Local governments are literally paying their female citizens to procreate because they are terrified of the economic fall-out of a population that had normalized singletons. Between now and 2030, demographers agree that the EU will lose 20.8 million—or almost 7 percent—of people ages 15 to 64, or working-age.  Meanwhile, the number of people over 65 will increase by more than 50 percent. Who will care for disproportionate numbers of elderly citizens?  Who will make up the workforce?  Hundreds of economists, policy wonks, and population experts have predicted the economic and social implosion of Europe due to such low fertility.  In other words, only children will be responsible for the fall of the continent.

In the countries of Northern Europe the government pays for day care, guarantees a year of paid maternity leave—and six weeks of paternity leave, which Norway is debating making mandatory.  More supportive policy has helped Dutch fathers to win the top spot worldwide in studies of shared parenting responsibilities. Meanwhile, in France—where 80 percent of the women work– fertility has leapt from 1.8 to 2.0 in just a few years, owing to government policies (only one-fourth of that rise is due to immigration).  There, government-based incentives for parents make life easier for mothers and fathers alike.  Mothers are given four months paid maternity and guaranteed job security whenever they choose to return to work.  The state subsidizes rent and transportation, offers tax deductions for childcare, and pays 1,000 a month for third children.

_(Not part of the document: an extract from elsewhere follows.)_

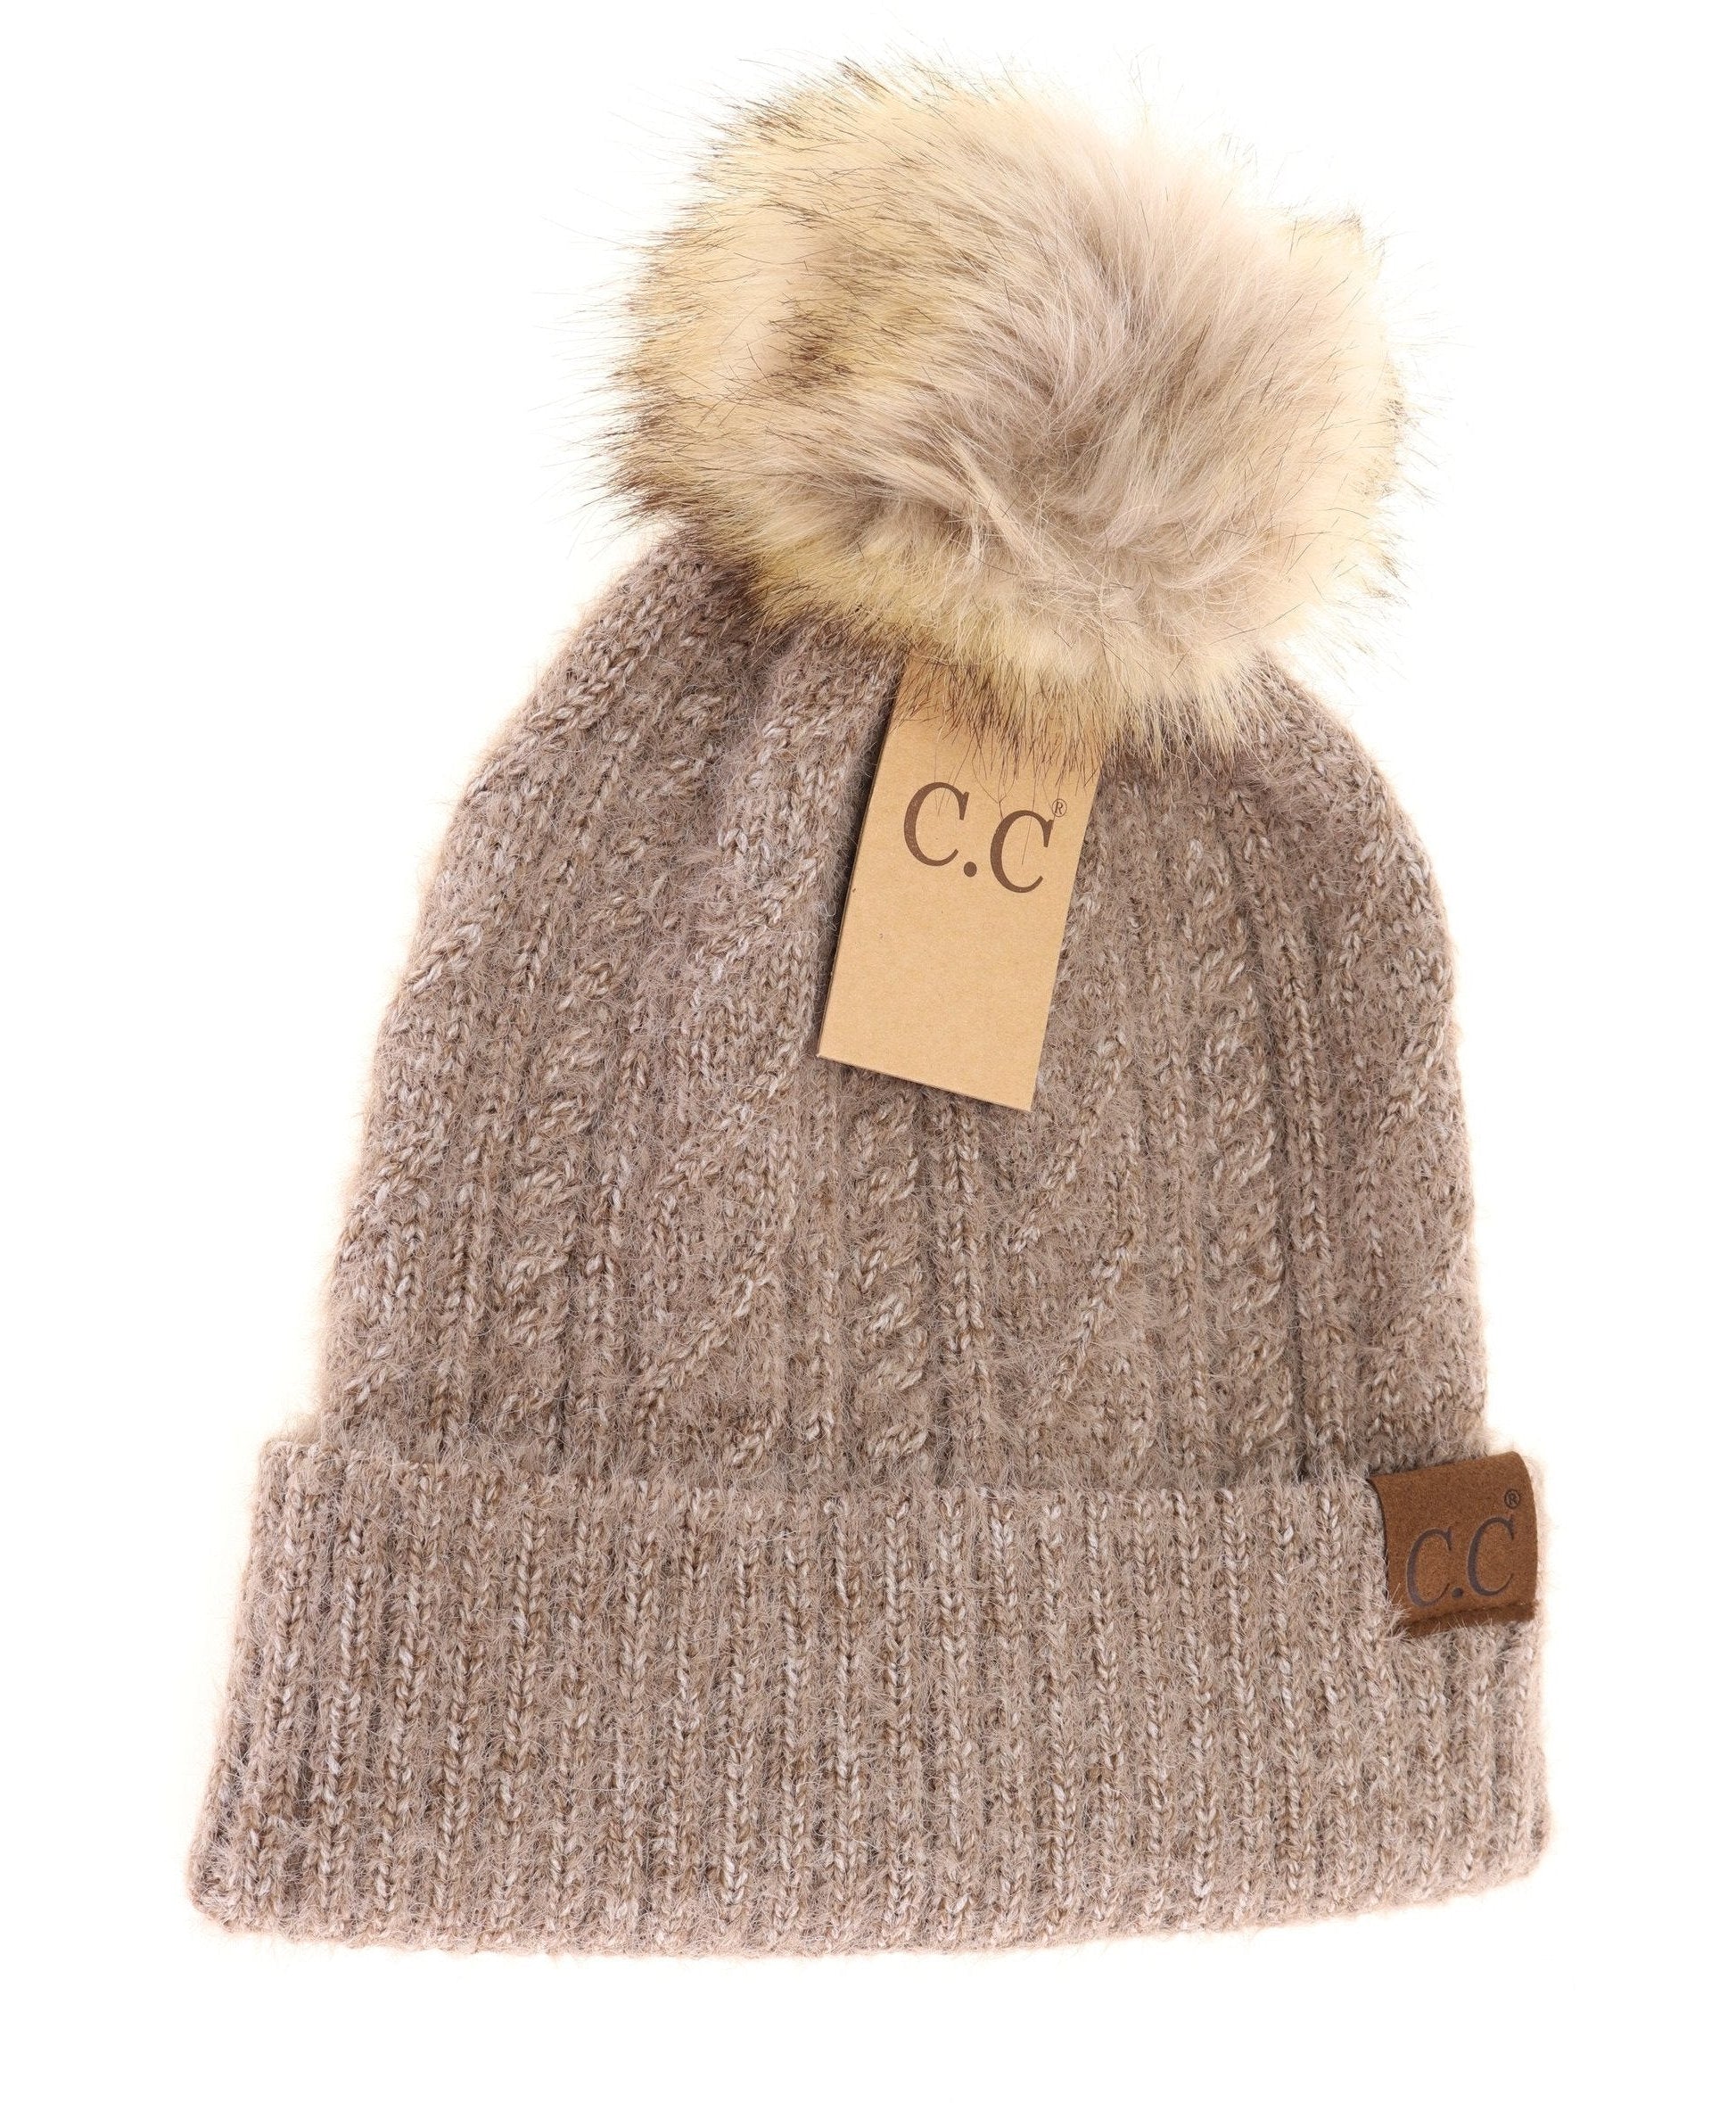 Soft Cuff Cable Knit Fur Pom C.C Beanie Taupe Taupe  beanie CC Brand Beanies- Tilden Co.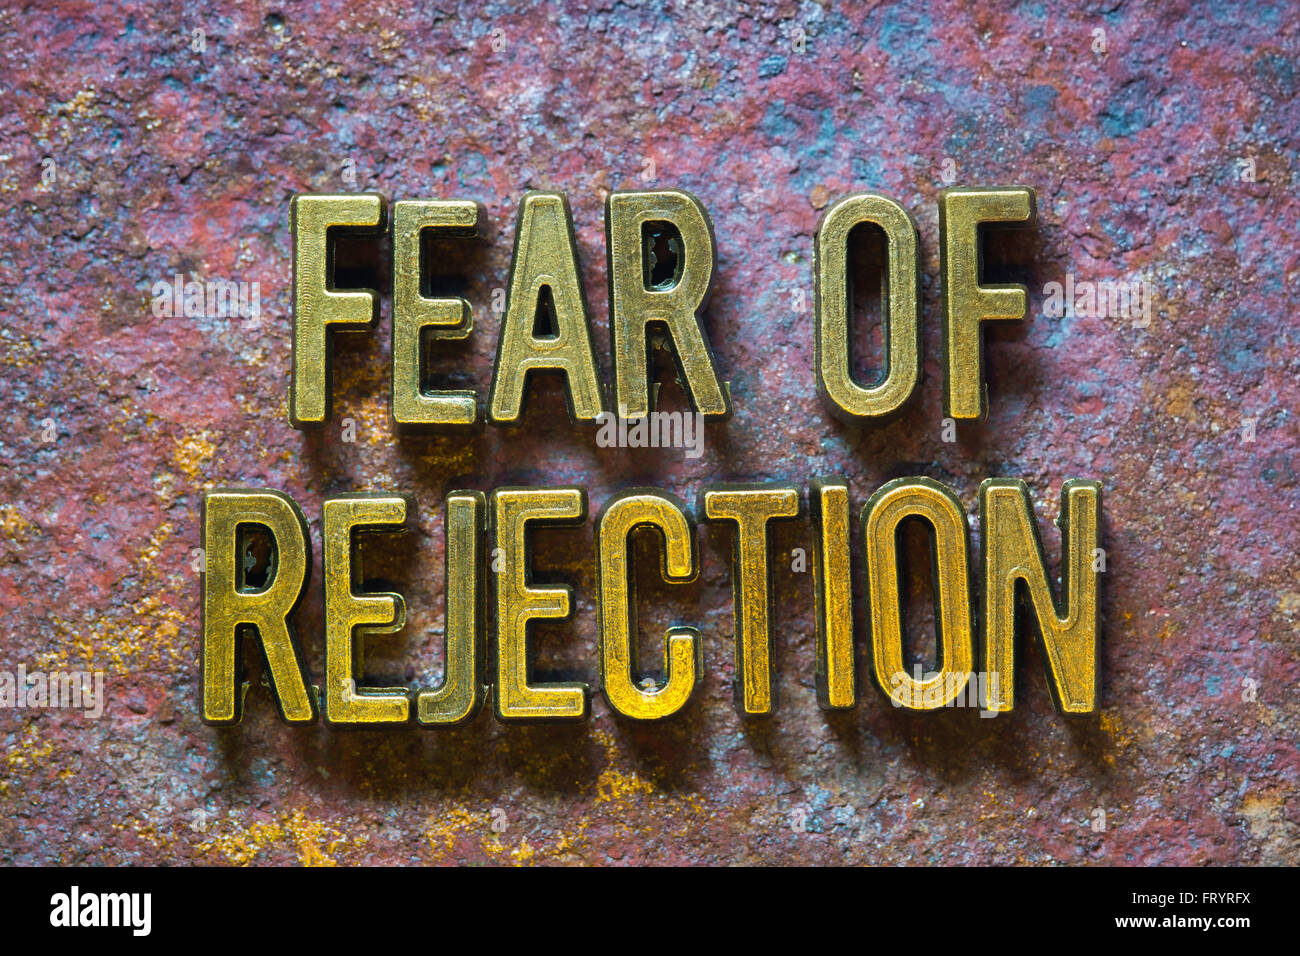 fear of rejection phrase made from metallic letters over rusty metallic background Stock Photo

Don’t think those policies are just the product of feminism: they’re designed not just to adjust the unavoidable pre-modern familial pressures (nursing, sleeplessness, the pesky need to have someone caring for a child 24 hours a day) to a modern world in which women want more from their lives than motherhood, and families need more than one income.  Yes, they have that affect, and the policies that best marry parenting realities with contemporary desires and needs are the most effective ones.  But without a dwindling white and native-born population in the face of massive waves of immigration from darker–and more Muslim–climes, would the state and its populace care so much about funding child care?    Somehow, here in the States, we’ve gotten anti-immigration fever without any of the benefits.  Which makes me wonder–archly, reader, quite archly–in Europe, do they even do racism better?